The overview performance charts display the most common metrics for an object in the inventory. Use these charts to monitor and troubleshoot performance problems.

The metrics provided in Overview performance charts are a subset of those collected for hosts and the vCenter Server. For a complete list of all metrics collected by hosts and the vCenter Server, see the vSphere API Reference.

Clusters

The cluster charts contain information about CPU, disk, memory, and network usage for clusters. The help topic for each chart contains information about the data counters displayed in that chart. The collection level set for vCenter Server determines the available counters.

Data centers

The data center charts contain information about CPU, disk, memory, and storage usage for data centers. The help topic for each chart contains information about the data counters displayed in that chart. The counters available are determined by the collection level set for vCenter Server.

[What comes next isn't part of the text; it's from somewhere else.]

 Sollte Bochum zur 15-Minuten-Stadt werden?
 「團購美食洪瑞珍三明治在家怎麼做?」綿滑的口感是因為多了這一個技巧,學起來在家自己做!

Datastores and Datastore Clusters

The datastore charts contain information about disk usage for datastores or the datastores that are part of a cluster. The help topic for each chart contains information about the data counters displayed in that chart. The counters available are determined by the collection level set for vCenter Server.

Hosts

The hosts charts contain information about CPU, disk, memory, network, and storage usage for hosts. The help topic for each chart contains information about the data counters displayed in that chart. The counters available are determined by the collection level set for vCenter Server.

Resource Pools

The resource pool charts contain information about CPU and memory usage for resource pools. The help topic for each chart contains information about the data counters displayed in that chart. The counters available are determined by the collection level set for vCenter Server.

vApps

The vApp charts contain information about CPU and memory usage for vApps. The help topic for each chart contains information about the data counters displayed in that chart. The counters available are determined by the collection level set for vCenter Server.

Virtual Machines

The virtual machine charts contain information about CPU, disk, memory, network, storage, and fault tolerance for virtual machines. The help topic for each chart contains information about the data counters displayed in that chart. The counters available are determined by the collection level set for vCenter Server.

Use advanced charts, or create your own custom charts, to see more performance data. Advanced charts can be useful when you are aware of a problem but need more statistical data to pinpoint the source of the trouble.

Advanced charts include the following features:

  • More information. Hover over a data point in a chart and details about that specific data point are displayed.
  • Customizable charts. Change chart settings. To create your own charts, save custom settings.
  • Export to spreadsheet.
  • Save to image file or spreadsheet.